Here you will find all the settings for printing a strong lower that has a good fit and finish. Slicing is a very important step in making a strong and functional part. Settings will depend on your printer and the filament you are using. Below are a couple videos on the subject. I’ll also through in some quick reference farther down the page.

In this video I go over all the basics of slicing an AR-15 lower. Keep in mind that this is an older video, so some things are out of date. But all of the basics are still valid.

Slicing is also important for other parts like Stocks. In this video I’ll go over the details of printing a strong light weight stock. I recommend similar settings for Pistol Grips. But like to use four walls and 25% infill.

Slicing can broken up into two categories. Filament Settings and Print Settings. The first is filament specific settings like nozzle and bed temp. The latter is more mechanical settings such as layer height and print speed.

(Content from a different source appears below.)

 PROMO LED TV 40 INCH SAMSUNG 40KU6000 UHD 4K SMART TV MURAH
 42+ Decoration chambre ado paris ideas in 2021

The single most important step when slicing is proper print orientation. Many of my designs come with built in support, which should make the print orientation obvious. The proper orientation for the Super Lower is with the bottom of the mag well against the bed. The flat bottom of the lower should be on the bed. Any other orientation will result in a weaker lower or improper support. Stocks are printed with there matting surfaces against the bed. The part of the Stock Neck that goes against the Lower should be printed facing up, and the butt end of the stock should be facing up while printing.

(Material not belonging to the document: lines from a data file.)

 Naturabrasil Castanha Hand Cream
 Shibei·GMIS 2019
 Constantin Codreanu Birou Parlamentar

Getting the right nozzle and bed temperature is very important. Head over to the Filament page for more details. Fan Speed and Flow are also important. But these will have to be tuned as you go. You want enough fan speed where you get good overhangs, but no more. Flow should be adjusted until the plastic is slightly over extruding. This insures maximum layer bounding. See the end of the first video to understand what this looks like.

Print settings are equally important. Bad print settings will result in a broken lower. Things such as layer height, line width, wall count and infill type are some of the settings that need to be set. The nozzle diameter you use will have a large effect. I recommend sticking with a 0.4 MM nozzle. All of the settings listed here assume a 0.4 MM nozzle is used.

I always print with 0.2 MM layer height. It is the optimal balance between print speed and layer bonding. Larger layers will cause significant loss in layer bounding as well as a less detailed print. Finer will never hurt, but the return is small below 0.2 MM.

Wall count and infill are two of the most important settings. I recommend three walls and 100% aligned rectilinear infill. It is critical that the infill angle is adjusted so that the infill runs the length of the lower. Do not use less then 100% infill, it will result in slightly lower print times and worse layer adhesion. Of course this only applies to high stress parts like lowers. When printing Stocks and Pistol Grips less infill will work fine. I like Gyroid or Honey Comb infill for these types of parts. You can use as few walls and as little infill as you think you can get away with on non critical parts. As as it does not break in the field you are fine.

Line width is an interesting setting. The wider the line the more it is pressed against the lower layer. This results in better layer adhesion. But as the lines get wider they press less an there neighboring line in the same layer. Resulting in poor side to side adhesion. I have recommended wider line widths before. But I now recommend 0.5 MM for lowers. Use a narrower line on the outside wall, so as to get better print resolution. 0.45 MM is a good option. To save weight when printing low stress items like stocks I use 0.45 MM lines everywhere.

Scaling and setting the XY Size Compensation are also important. You will probably need to print several lowers before you get these settings perfect. After installing the upper, If you notice a gap between the front pin plates and the lower body, you problebly need to scale your print a little. By measuring the gap, you can calculate how much you need to scale. I normally scale my prints by 100.3% on X and Y axis. Scaling on the Z axis is not normally needed. With a perfect printer this would not be needed, but all printers have some error. XY Size Compensation is different from scaling. See the above video for an in depth look. Basically it shrinks (or expands) all surfaces on the part be a given amount. If parts are fitting tightly, and your scaling is set properly, then you may want to adjust your Size Compensation. Start with a small negative number like -0.03 MM.

That’s about all! There are more details in the above videos, so I highly recommend you watch them!